Chapter_3_sort_code_missing
adigiosaffatte opened this issue · 2 comments
adigiosaffatte commented
When introducing the streaming DataFrame, the following code:
from pyspark.sql.functions import window, column, desc, col
staticDataFrame\
.selectExpr( # variante di select che accetta espressioni SQL
"CustomerId",
"(UnitPrice * Quantity) as total_cost",
"InvoiceDate") \
.groupBy(
col("CustomerId"), window(col("InvoiceDate"), "1 day")) \
.sum("total_cost") \
.show(5)
produces an output different from the one shown in the chapter, because it misses a "sorting line".

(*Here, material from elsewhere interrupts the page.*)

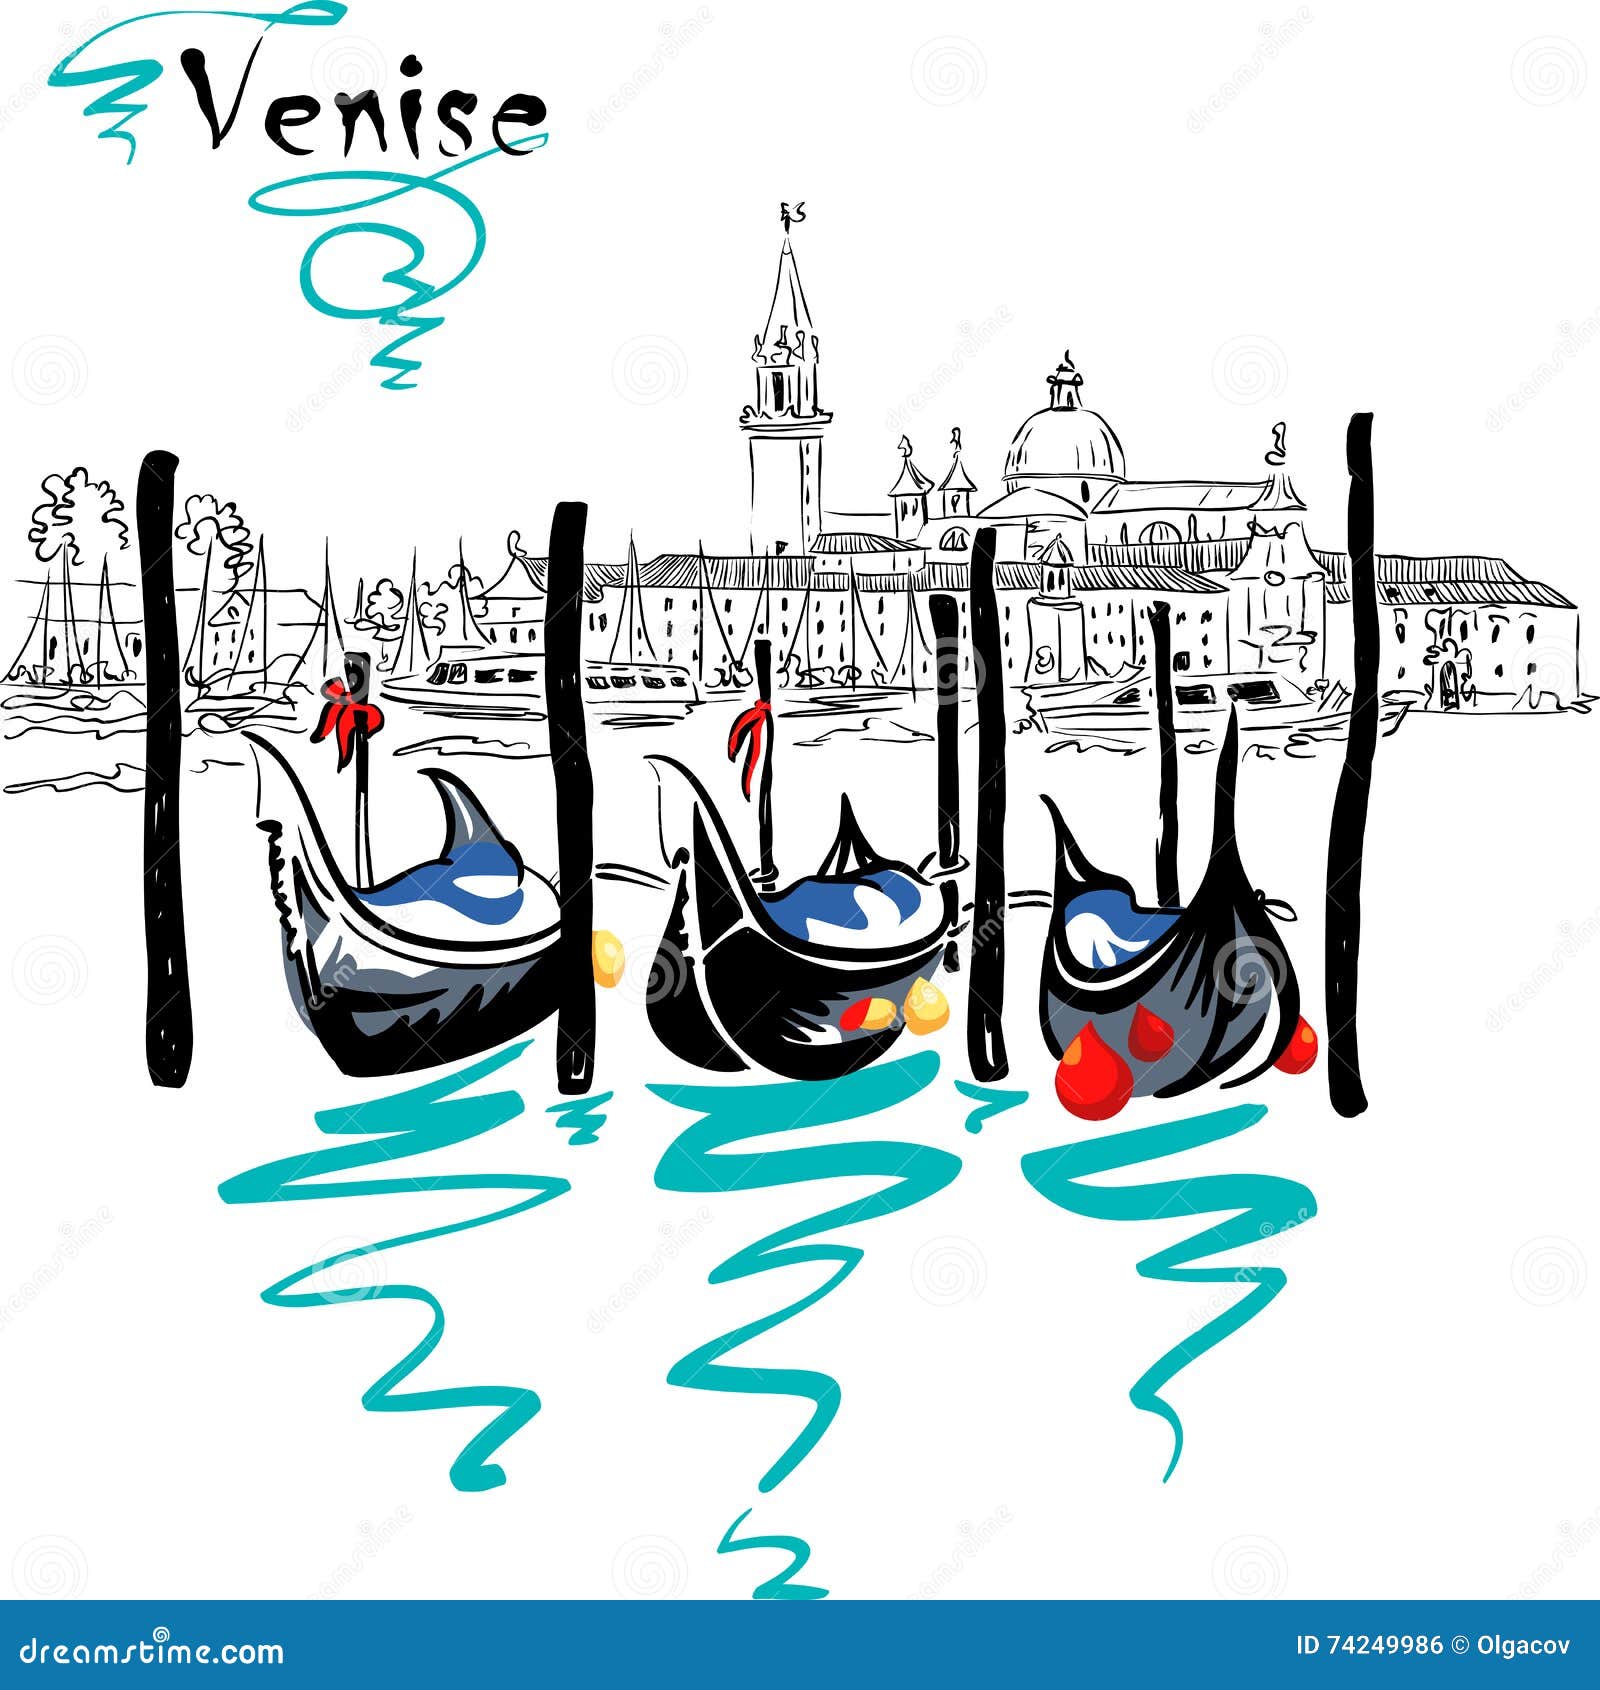  gondolas in venice lagoon, italia

I think the correct code should be:
from pyspark.sql.functions import window, column, desc, col
staticDataFrame\
.selectExpr( # variante di select che accetta espressioni SQL
"CustomerId",
"(UnitPrice * Quantity) as total_cost",
"InvoiceDate") \
.groupBy(
col("CustomerId"), window(col("InvoiceDate"), "1 day")) \
.sum("total_cost") \
.sort(desc("sum(total_cost)")) \
.show(5)
bllchmbrs commented
go ahead and make a pull request to fix this please
adigiosaffatte commented
just made the pull request